Hessian of function in $\mathbb R^2$ Consider the function $$f(x):=\frac{x-x_0}{\Vert x-x_0 \Vert^2} + \frac{x-x_1}{\Vert x-x_1 \Vert^2}$$
for two fixed $x_0,x_1 \in \mathbb R^2$ and $x \in \mathbb R^2$ as well. 
Does anybody know what the Hessian of the function 
$$g(x):=\Vert f(x) \Vert^2$$ 
is? It is such a difficult composition of functions that I find it very hard to compute.
The bounty is for a person who fully derives the Hessian of $f. $ Please let me know if you have any questions.
 A: Avoid coordinates.
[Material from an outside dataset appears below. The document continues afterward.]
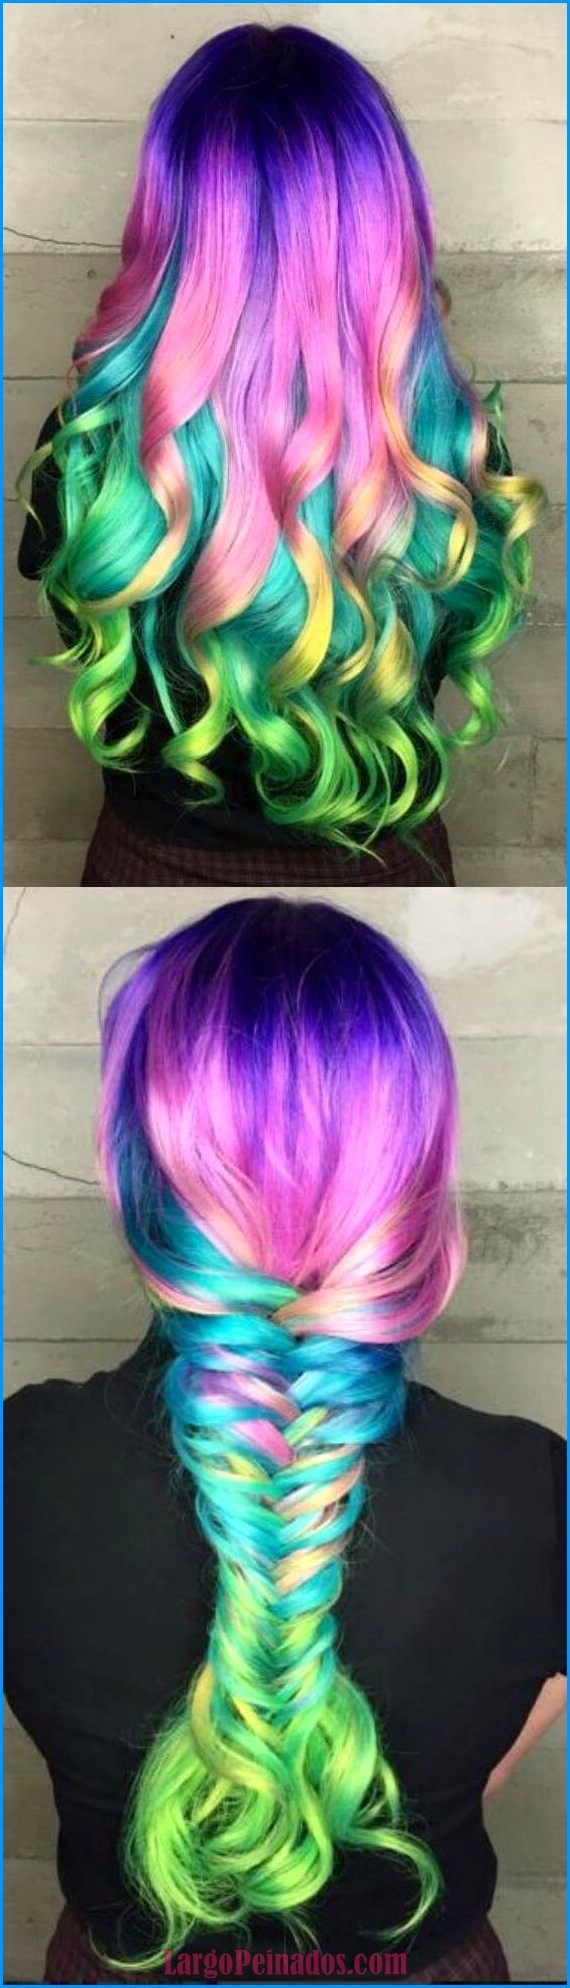 peinados de colores 6

Here's a solution that works with all dot products in any dimension: 
Define $h_k(x)=\frac{x-x_k}{\|x-x_k\|^2}$ for $k\in\{0,1\}$.
Then we have
$\|h_k(x)\|^2=1/\|x-x_k\|^2$ and
$$d_ph(x)=p\|h_k(x)\|^2-2h_k(x)\langle p,h_k(x)\rangle$$
and$$d_p\|h_k(x)\|^2=-2\|h_k(x)\|^2\langle p,h_k(x)\rangle.$$
After a straightforward calculation I get
$$\frac12\nabla g(x)=\bigl(\|h_0(x)\|^2-\|h_1(x)\|^2\bigr)\cdot\bigl(h_1(x)-h_0(x)\bigr)-2\langle h_0(x),h_1(x)\rangle\bigl(h_0(x)+h_1(x)\bigr).$$
From here feel free to calculate the Hessian: Differentiating $\frac12\nabla g(x)$ again at $q$ we get (omitting the argument $x$ for the sake of readability)
$$\begin{align}
-&q\left(2\langle h_0,h_1\rangle(\|h_0\|^2+\|h_1\|^2)+(\|h_0\|^2-\|h_1\|^2)^2\right)\\
+&h_0\langle q,4h_0\|h_0\|^2-(2h_0+h_1)\|h_1-h_0\|^2\rangle\\
+&h_1\langle q,4h_1\|h_1\|^2-(2h_1+h_0)\|h_0-h_1\|^2\rangle,
\end{align}
$$
hence the Hessian at $(p,q)$ is
$$\begin{align}
2\langle p,-&q\left(2\langle h_0,h_1\rangle\|(h_0\|^2+\|h_1\|^2)+(\|h_0\|^2-\|h_1\|^2)^2\right)\\
+&h_0\langle q,4h_0\|h_0\|^2-(2h_0+h_1)\|h_1-h_0\|^2\rangle\\
+&h_1\langle q,4h_1\|h_1\|^2-(2h_1+h_0)\|h_0-h_1\|^2\rangle\rangle.
\end{align}
$$
A: If you choose ${\bf x}_0$ and ${\bf x}_1$ at $(\pm a,0)$ of the $(x,y)$-plane you have
$$f(x,y)={(x+a,y)\over(x+a)^2+y^2}+{(x-a,y)\over(x-a)^2+y^2}\ .$$
In the following Mathematica notebook ${\tt gxx}$, ${\tt gxy}$, ${\tt gyy}$ are the entries of the Hessian matrix
$$\left[\matrix{g_{xx}&g_{xy}\cr g_{xy}&g_{yy}\cr}\right]\ .$$
Here is the result:

A: Well, you can just compute $g(x)$... I'll denote $x_0,x_1$ by $u,v$.
$$
f(x) = \frac{x-u}{\|x-u\|^2}+\frac{x-v}{\|x-v\|^2}=\left(\frac{x_1-u_1}{(x_1-u_1)^2+(x_2-u_2)^2}+\frac{x_1-v_1}{(x_1-v_1)^2+(x_2-v_2)^2}, \right.
$$
$$
\left.\frac{x_2-u_2}{(x_1-u_1)^2+(x_2-u_2)^2}+\frac{x_2-v_2}{(x_1-v_1)^2+(x_2-v_2)^2} \right)
$$
and so,
$$
g(x)=\left(\frac{x_1-u_1}{(x_1-u_1)^2+(x_2-u_2)^2}+\frac{x_1-v_1}{(x_1-v_1)^2+(x_2-v_2)^2}\right)^2+
$$
$$
\left(\frac{x_2-u_2}{(x_1-u_1)^2+(x_2-u_2)^2}+\frac{x_2-v_2}{(x_1-v_1)^2+(x_2-v_2)^2} \right)^2
$$
Now you can compute the Hessian matrix.